MR. DEAN: I think so. Look, I know how hard this is for Joe, and he’s a good, good person. But the truth is I, I lost one of these races, and I got right behind my party’s nominee, and I think that’s what you have to do if you want to help the country. The way to help this country is to limit Republican power. They have failed in, in the budget, they’ve failed in Iraq, they’ve failed at—with Katrina. I just got back from North Dakota; there’s not—more than a war on terror going on in this country, there’s a war on the middle class going on. There—you know, those folks need help, and we need help domestically. We need a change in this country. We need a new direction, and I think Ned Lamont will give us that new direction.

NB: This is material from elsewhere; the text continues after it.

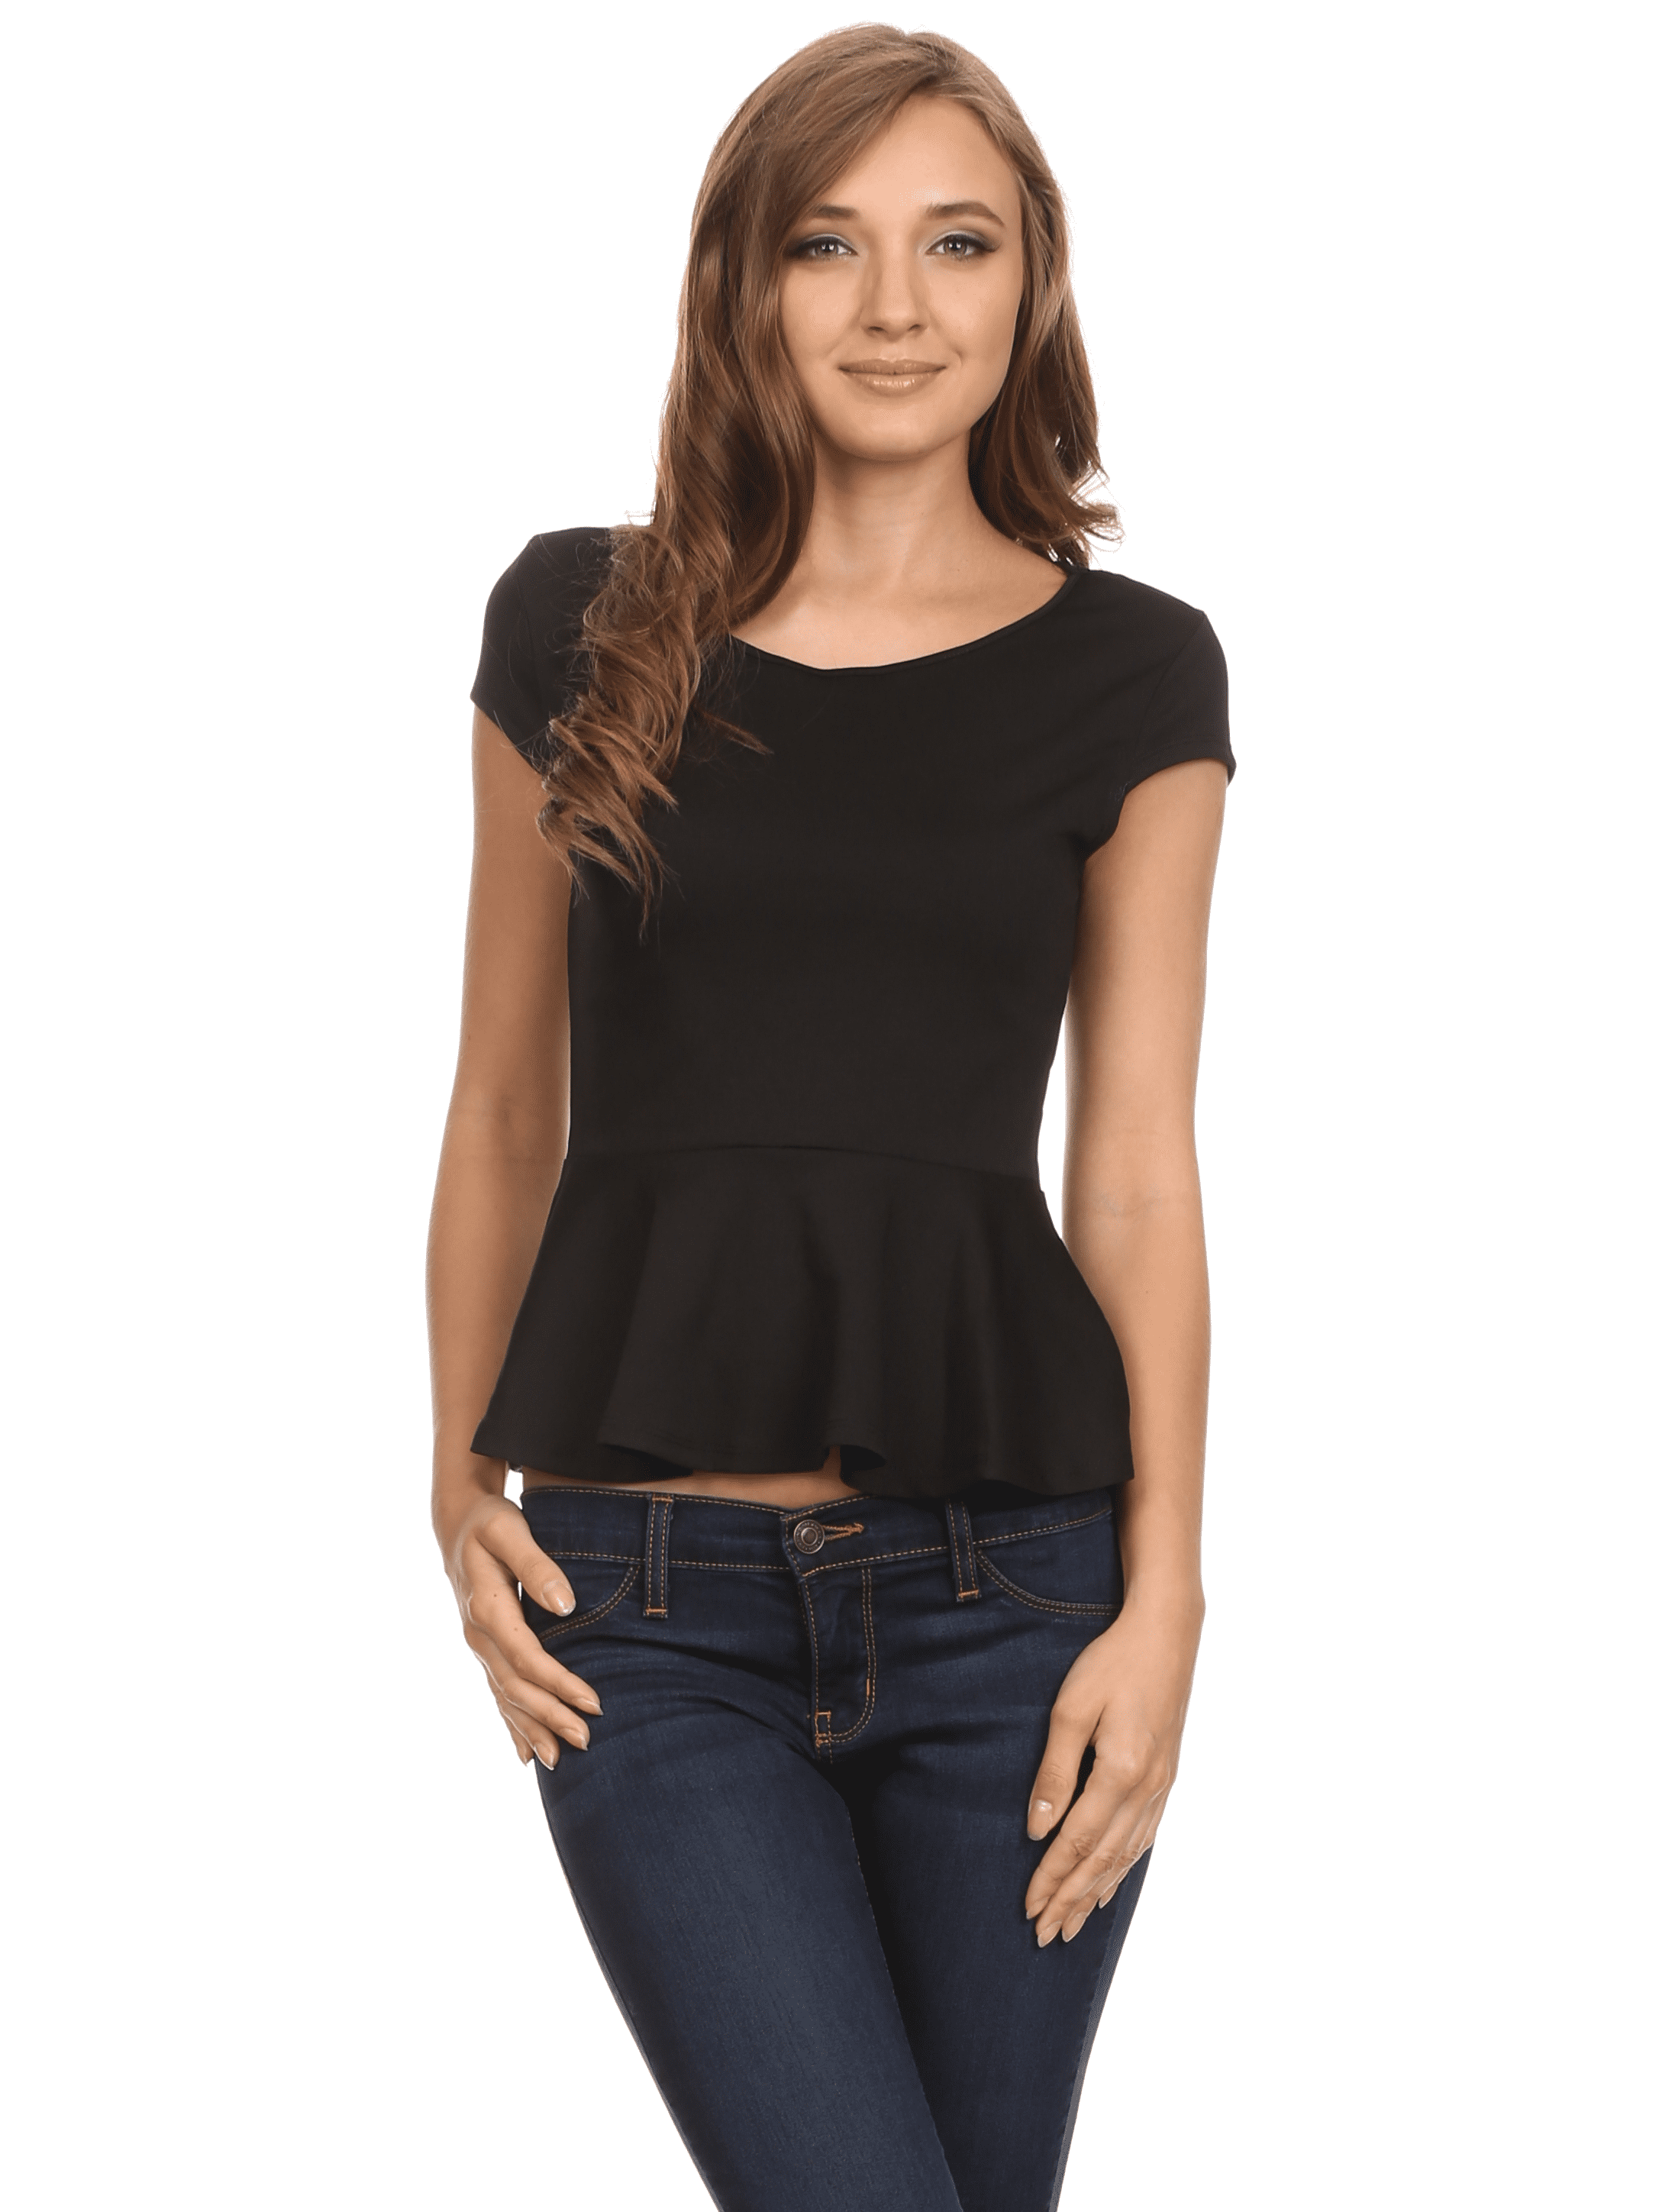 Simlu - Peplum Tops for women Short Sleeve Cotton Round Neck Fitted ...

MR. GREGORY: Senator Lieberman led the charge against the new face of the party after his defeat, saying, in effect, it had been taken over by the liberal wing. This is what he had to say the day after his defeat on NBC’s “Today” show.
(Videotape, Wednesday):
SEN. JOE LIEBERMAN: I am committed to this campaign, to a different kind of politics, to bringing the Democratic Party back from Ned Lamont, Maxine Waters, to the mainstream.
(End videotape)
MR. GREGORY: “Back from the extreme.” Has the Democratic Party that, that you represent been taken over by the extreme?
MR. DEAN: You know, I think that was an unfortunate statement that Joe made.
That’s exactly the same line that Ken Mehlman and, and Dick Cheney are using. The truth is, Ned Lamont is a moderate. Ned Lamont earned his own living. He made a lot of money—and good for him—in, in this American system. He wants a balanced budget, he wants a sane defense policy, he wants health care for all Americans. That is what the Democratic Party believes in. The truth is, most Democrat—most people in this country, let alone Democrats, most Americans, by a large majority, agree with Led—Ned Lamont and not George Bush and, and Joe Lieberman.
...
MR. GREGORY: Let me ask you about something Senator Lieberman also said in the wake of the UK bombing plot. This is how it was reported in The Washington Post on Friday: “Campaigning in Connecticut, Senator Joseph Lieberman ... said the antiwar views of primary winner Ned Lamont would be ‘taken as a tremendous victory by the same people who wanted to blow up these planes in this plot hatched in England.’” Your, your reaction?
MR. DEAN: I think that’s—I think that’s outrageous. I mean, that’s the same—again, the same thing Dick Cheney, who’s been widely discredited by most Americans as essentially a propaganda machine, has said. It’s ridiculous. That is saying to the Connecticut voters that you don’t care about American security and saying to the Connecticut voters that they like al-Qaeda. That is a ridiculous thing. The Republicans hope, once again, to win an election based on fear. They—you know, fear-mongering, whining and complaining and name-calling is not going to lead America.